## Assignment
The data below should be restated word for word, pictures omitted.

## Data extract
· · · ·

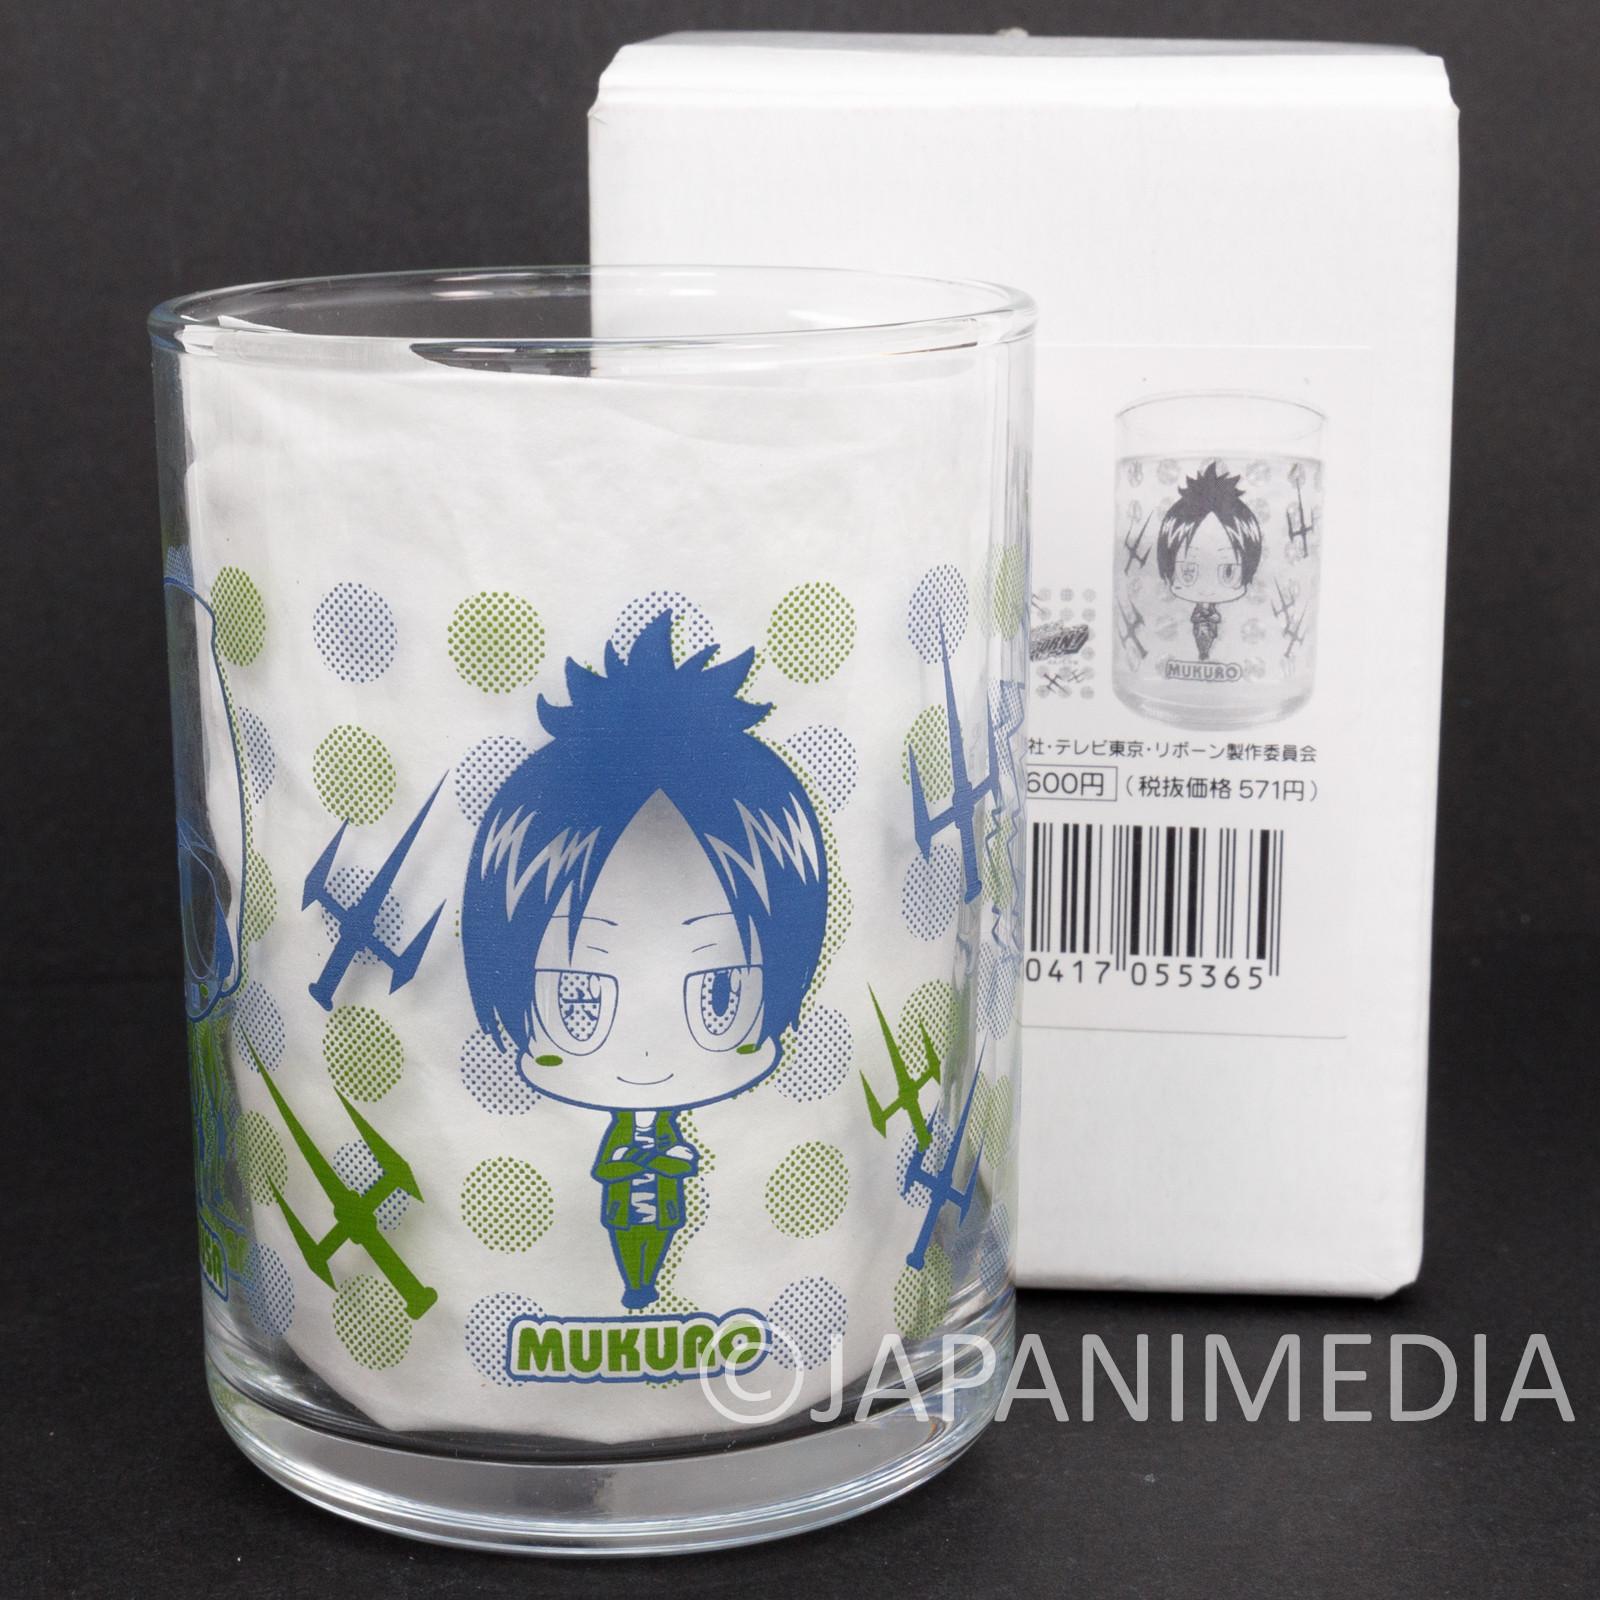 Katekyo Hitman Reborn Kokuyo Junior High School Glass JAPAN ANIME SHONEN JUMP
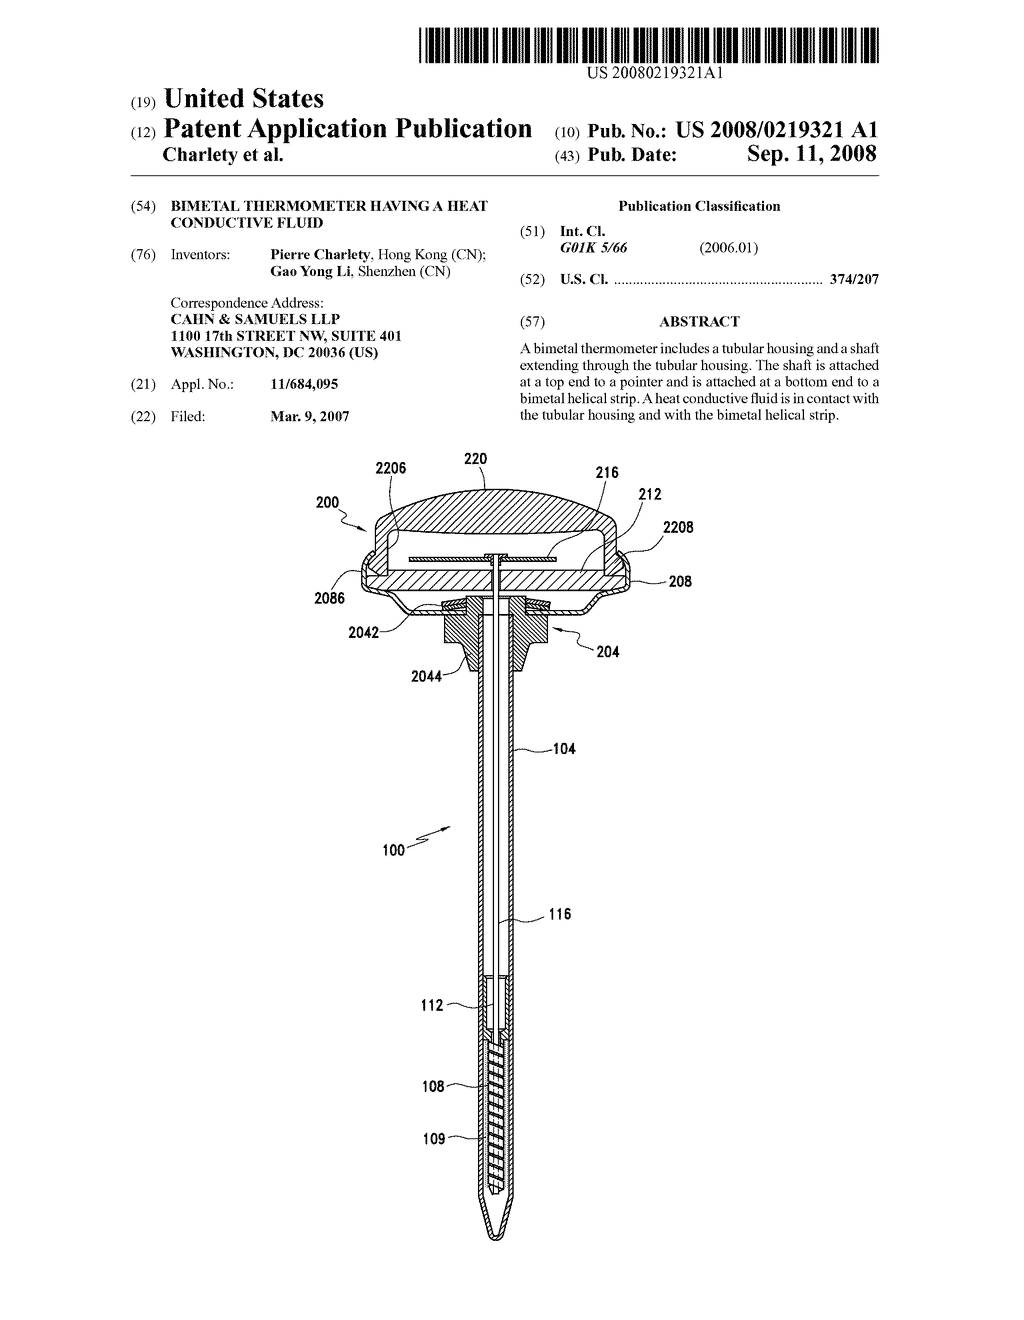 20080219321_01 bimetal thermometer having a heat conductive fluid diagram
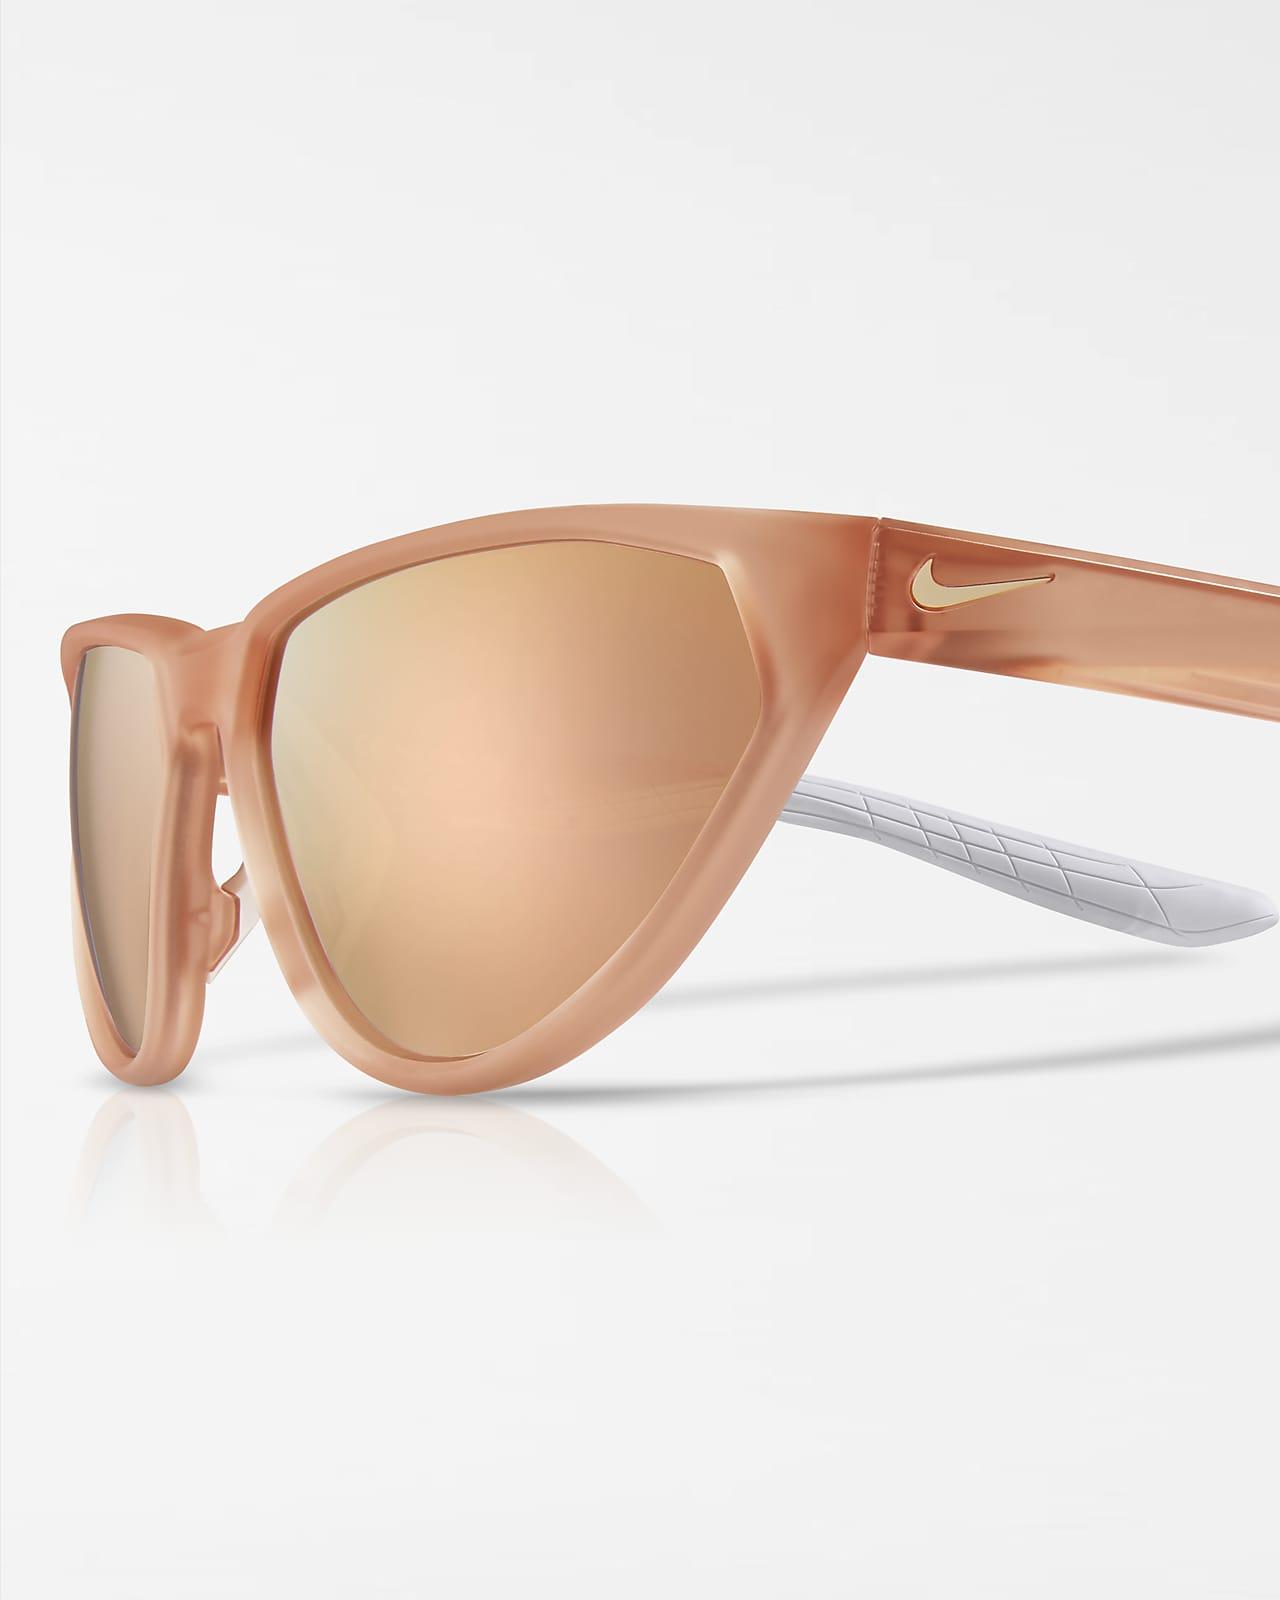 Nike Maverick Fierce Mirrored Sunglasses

· · · ·

## Result
 Katekyo Hitman Reborn Kokuyo Junior High School Glass JAPAN ANIME SHONEN JUMP
 20080219321_01 bimetal thermometer having a heat conductive fluid diagram
 Nike Maverick Fierce Mirrored Sunglasses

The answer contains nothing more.